Prompt:
Produce a word-for-word copy of the data that follows, excluding images.

Information provided:
:::

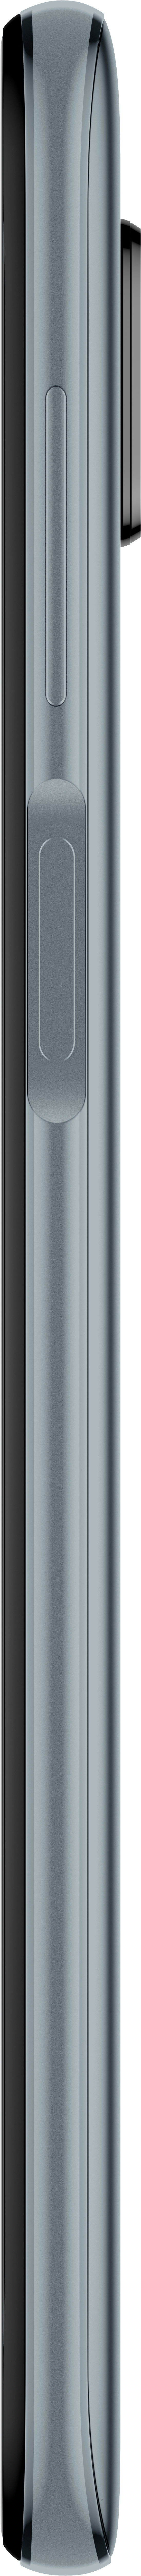 SIM 128 Pro Grey Interstellar XIAOMI GB Redmi Note 9 Dual
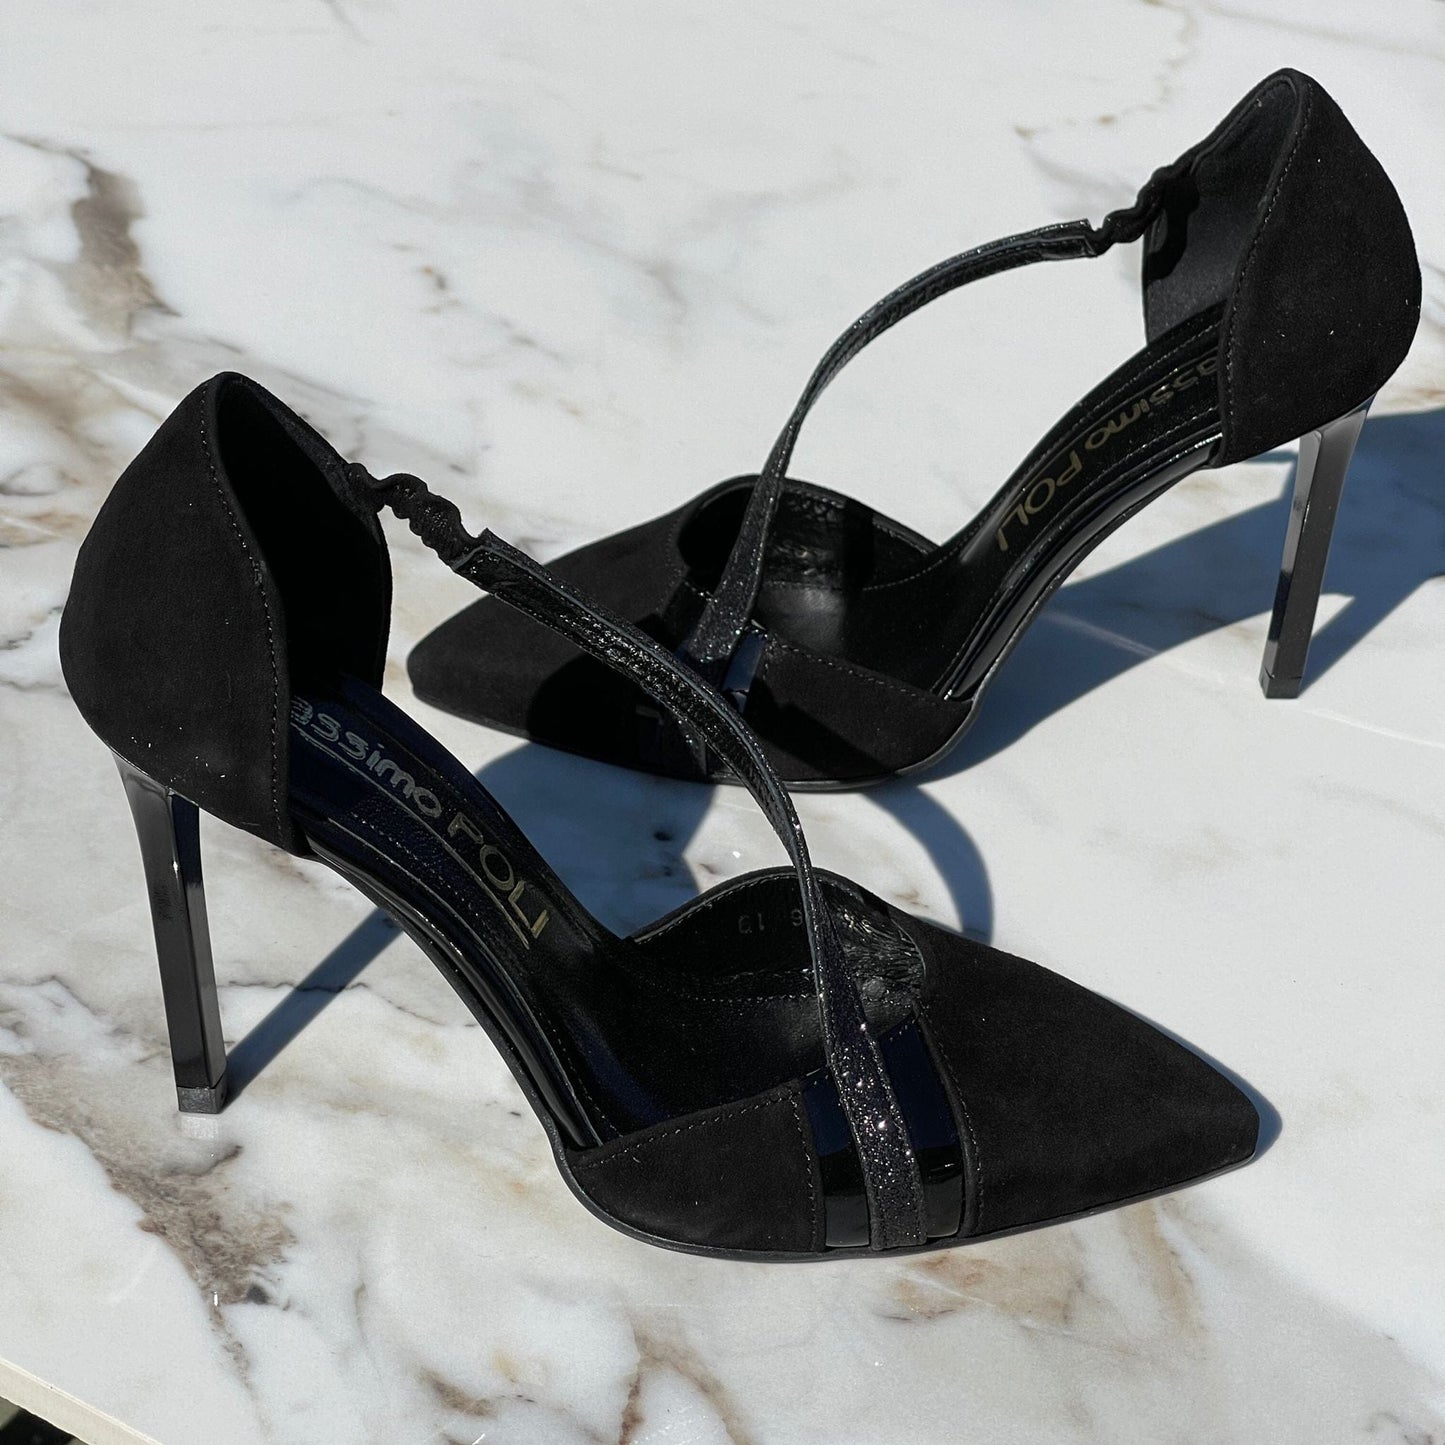 Petite size black suede court heels
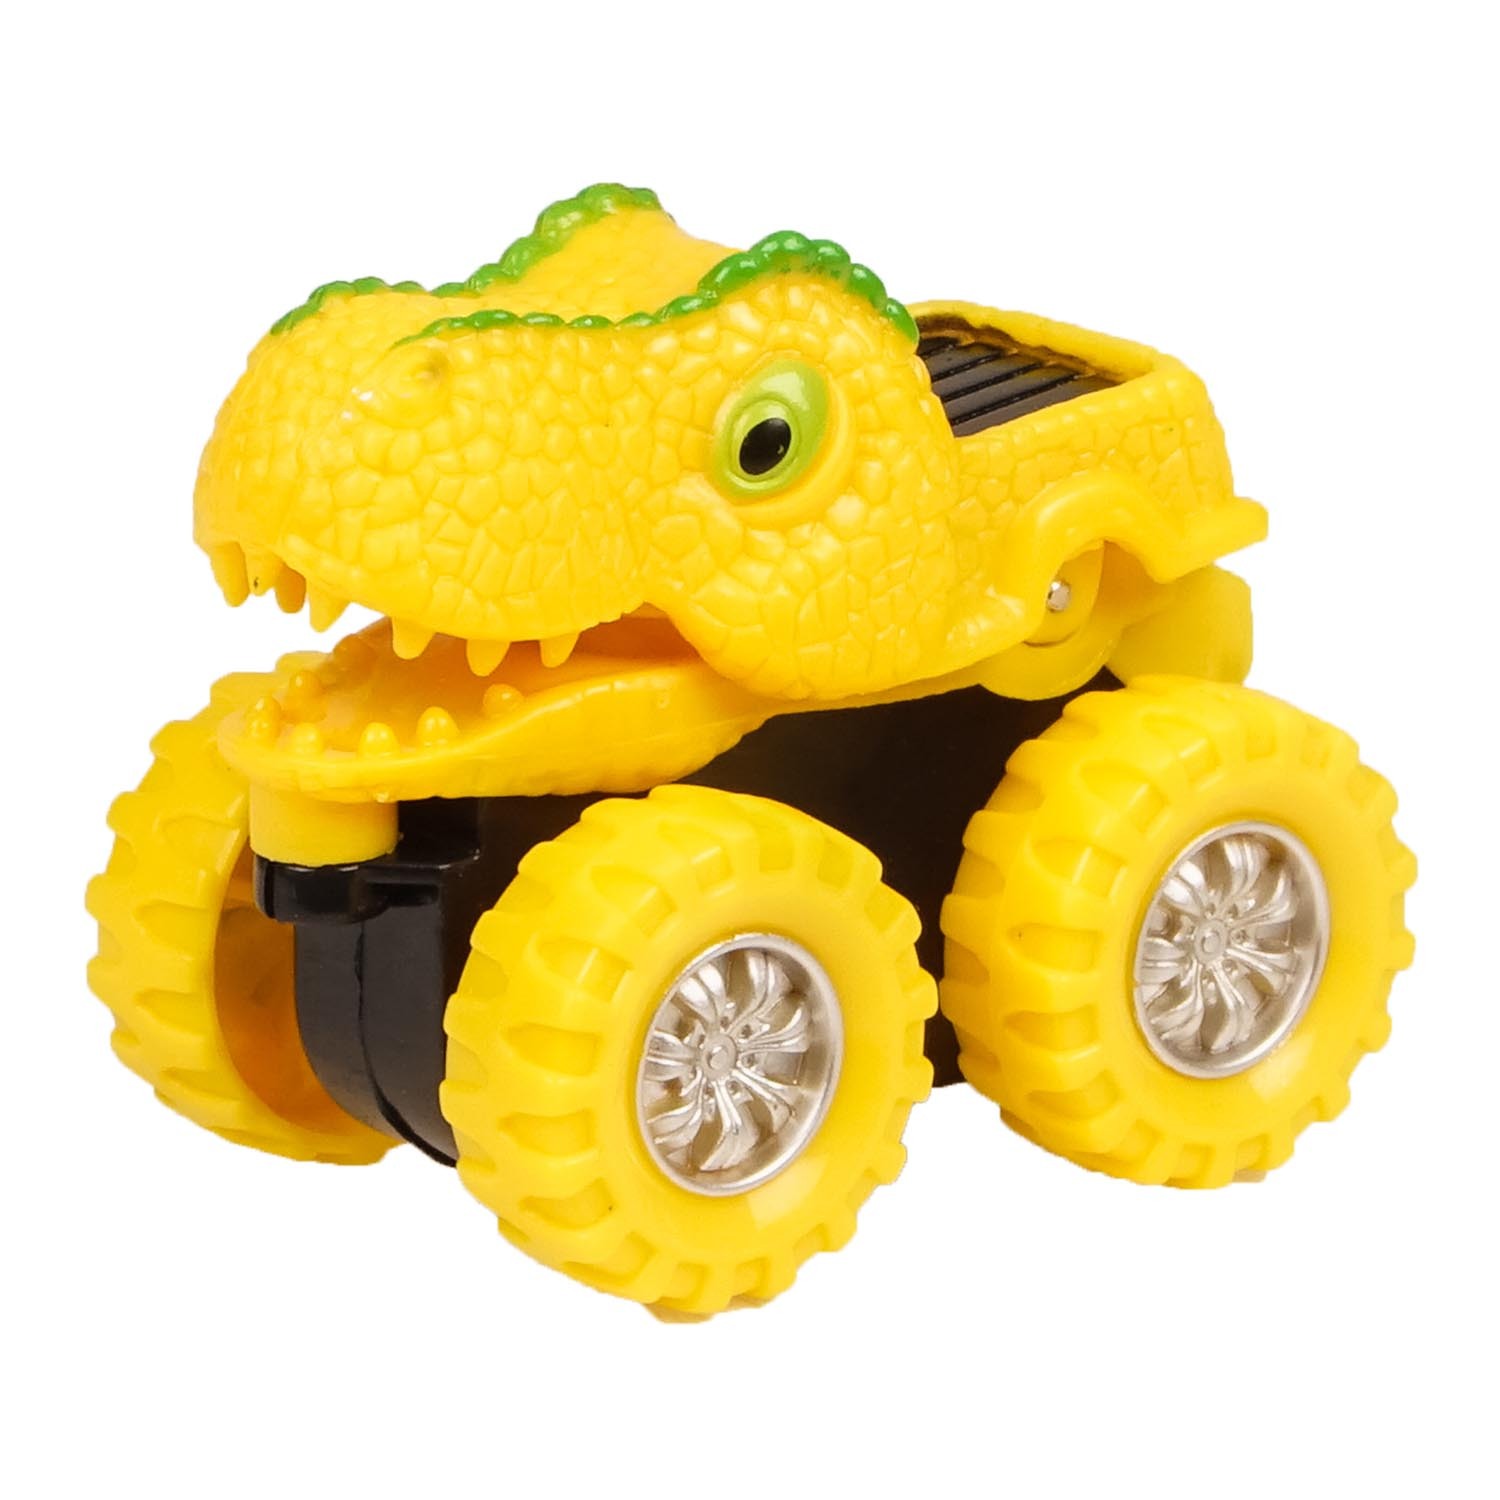 Tracksterz Multi Coloured Monster Trucks Toy 5 Pack Image 4

:::

Problem solution:
 SIM 128 Pro Grey Interstellar XIAOMI GB Redmi Note 9 Dual
 Petite size black suede court heels
 Tracksterz Multi Coloured Monster Trucks Toy 5 Pack Image 4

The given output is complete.